Re: More on dungeon design!
goatunit wrote:
If you want to learn how to design cool dungeons, start playing Dwarf Fortress.
My dungeon crawls have gotten awesome ever since I started fooling around with that game.
To expound on this thought - the game really does make you think about how you'd actually design a fortress, because it puts constraints on you when you play. It forces you to put in workshops, farms, wells, bedrooms, dining rooms, storage rooms, burial chambers, and all sorts of other things that you probably wouldn't consider if you just dreamed one up on your own.
Its easy to come up with the mundane stuff, like walls and moats and drawbridges and keeps and all the rest; but DF forces you to consider numerous details. Its also the gift that keeps on giving - your dwarves will create all sorts of fantastic loot and decoration ideas. You can look at individual wall and floor carvings, for instance.

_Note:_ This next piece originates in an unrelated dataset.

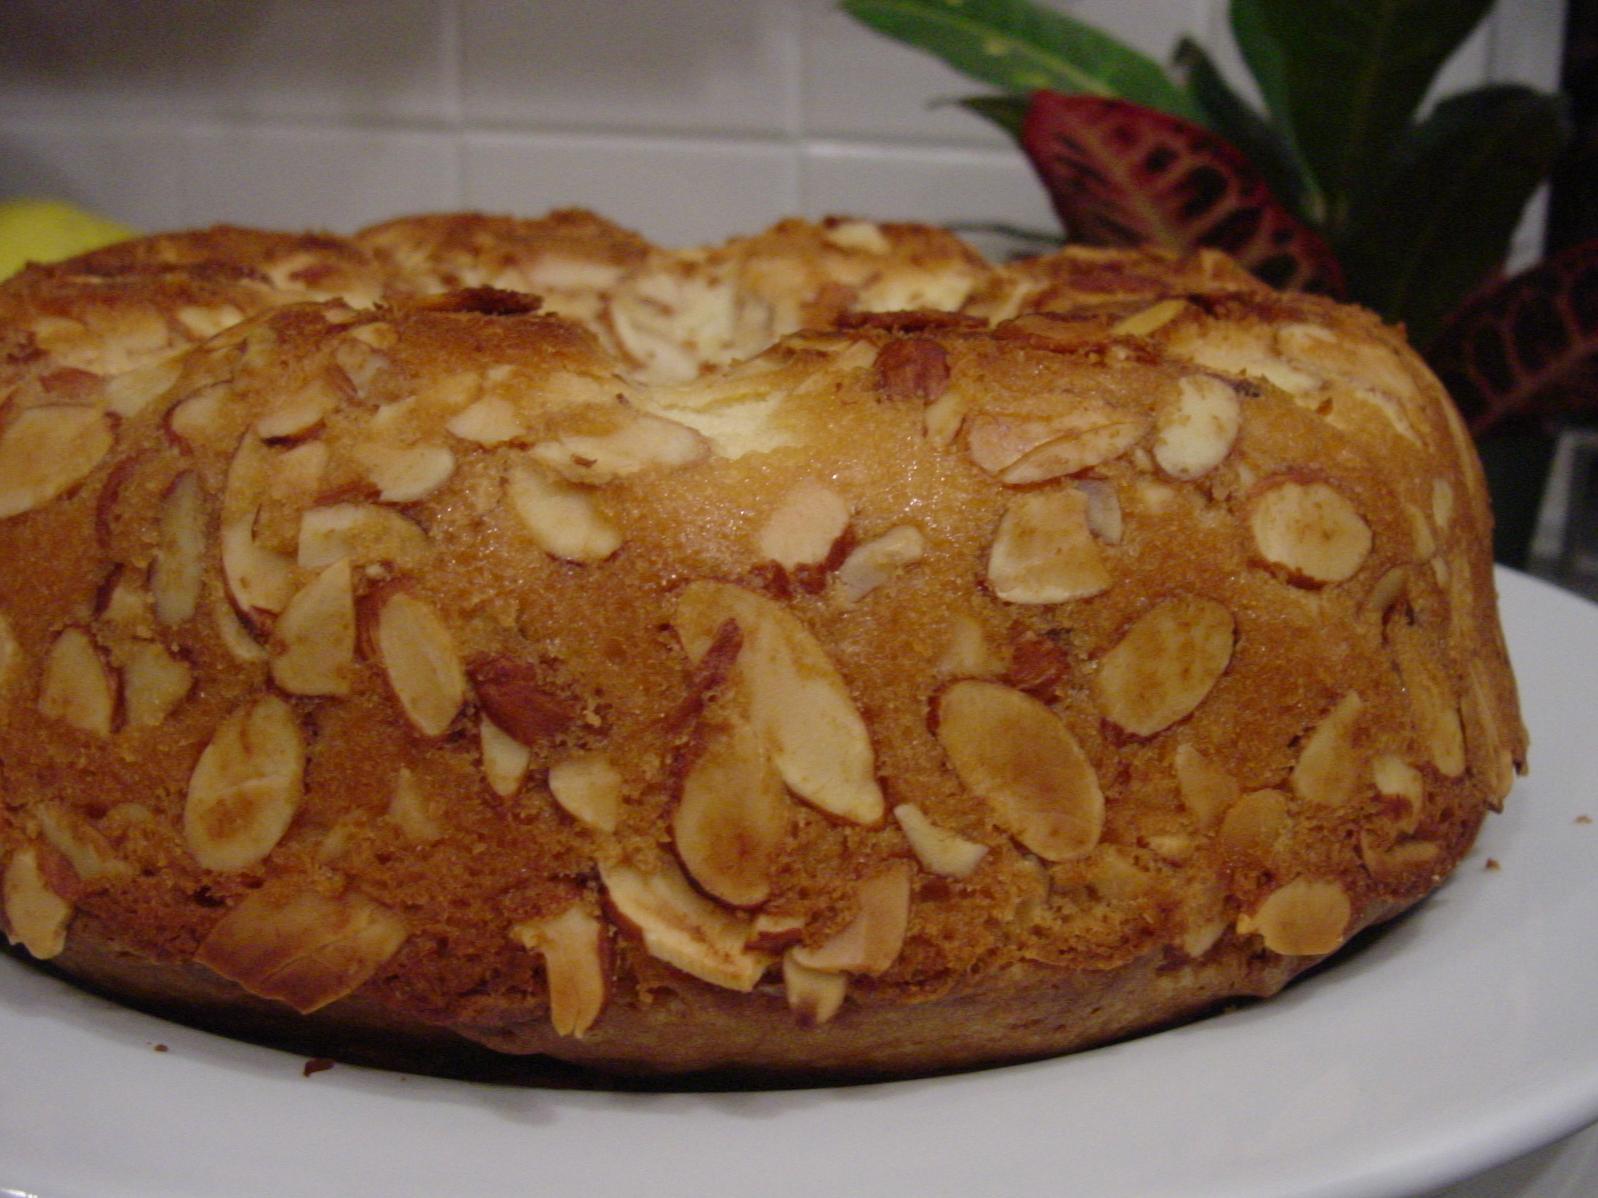  Aromatic & nutty: This cake is loaded with almond flavor and the aroma will fill your kitchen.

Some are loaded with all kinds of made-up unique history.
Your dwarves will create all sorts of weird legendary objects that will range from everything like wooden barrels or marble chairs to more traditional RPG fare like swords and gauntlets and breastplates and whatnot.
I guarantee it'll add punch to the game when your players come across dozens of interesting tidbits, like the masterwork birchen bed in the golden chamber once used by Baron Urist Nomdastot which has images of the bear Umungosmust Lomuslospu rending helpless goblins during the glory days of the fortress carved into it; especially since they already found the the grisly dungeon chamber where that must have taken place.
I doesn't hurt that it'll provide locations of the remains of deadly traps and levers. Machines that could throw a cage or a crushing stone their way, or flood the place with water or magma, or collapse a section of the cavern... all sorts of nasty things to put the "adventure" in adventuring party.